Public disclosures such as SEC Form 13F give investors a legal window into many institutional equity holdings, but there are important limitations. Filings are quarterly and typically arrive with a delay, meaning you're seeing a snapshot that may already be weeks old. They also don't fully reflect a manager's overall book—short positions, many derivatives, and intra-quarter trading activity often won't show up in the same way (or at all).
Even with those caveats, "tracking the filings" can still help you surface themes, consensus positioning, and overlooked companies that have attracted serious analytical attention. Some academic work has found that certain "cloned" or "best-ideas" approaches can outperform benchmarks in specific periods—though results vary and discipline matters.
With that framework in mind, here are three stocks that have shown up in notable institutional portfolios recently, along with a practical way to think about each one.

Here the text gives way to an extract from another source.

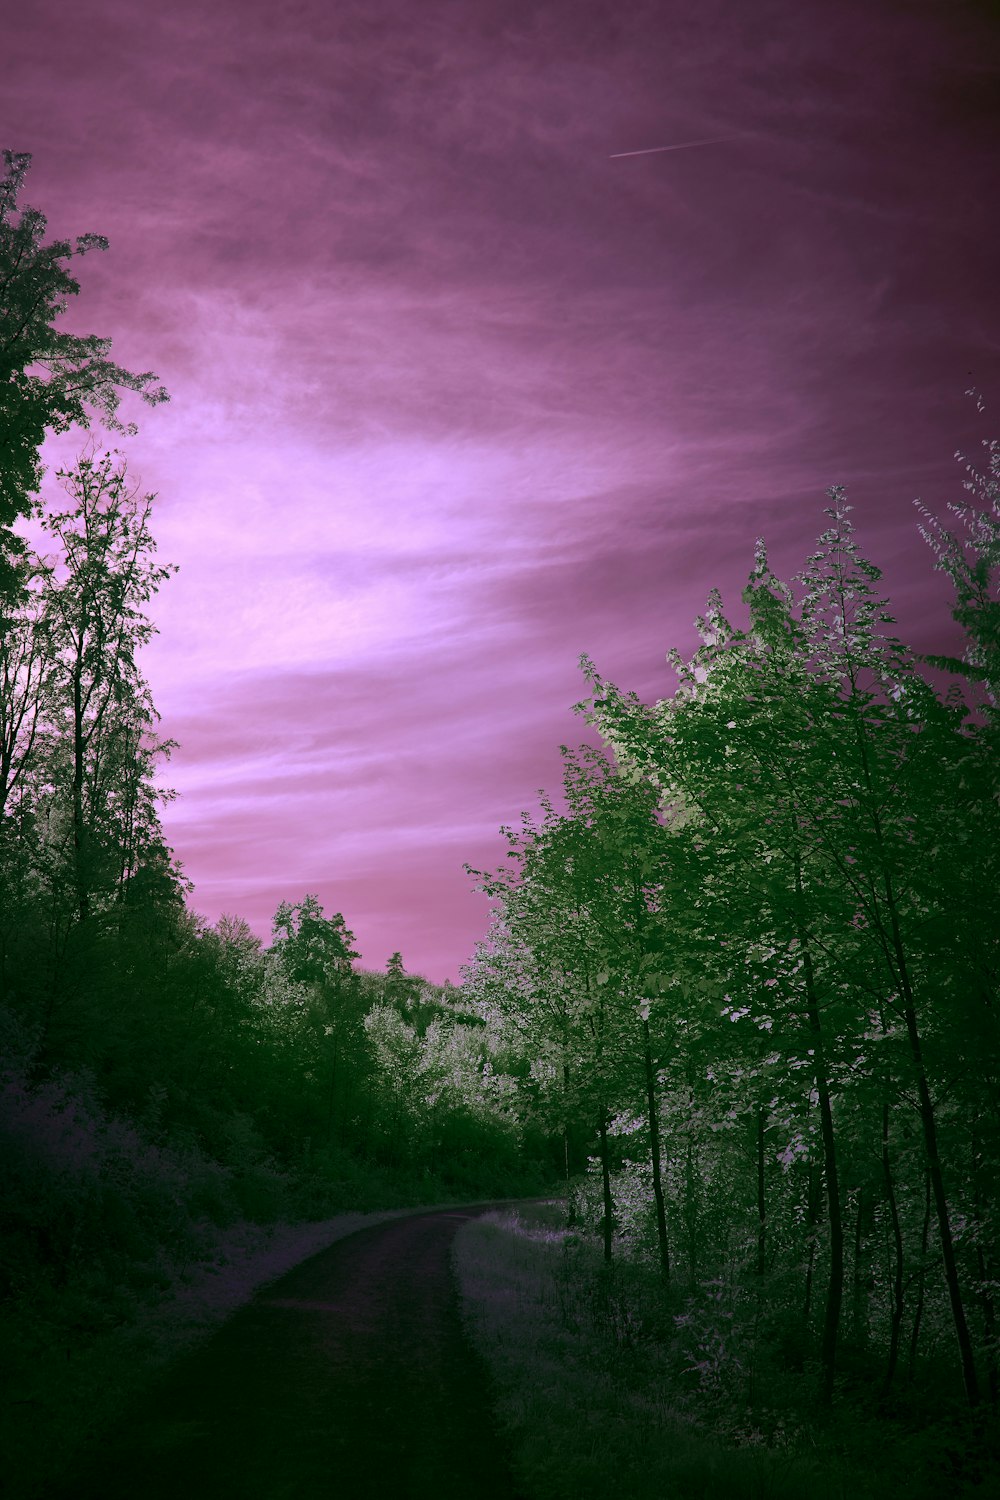 green trees under purple sky

Company: MGE Energy (SYM: MGEE)
A steady utility with "quality" appeal
Recent price: about $78.05
MGE Energy is a regulated utility holding company—typically not the kind of business that makes headlines. But that "boring" profile is exactly why certain long-term managers pay attention: regulated utilities can offer relatively predictable cash flows, a clearer earnings bridge, and a defensive ballast when markets get choppy.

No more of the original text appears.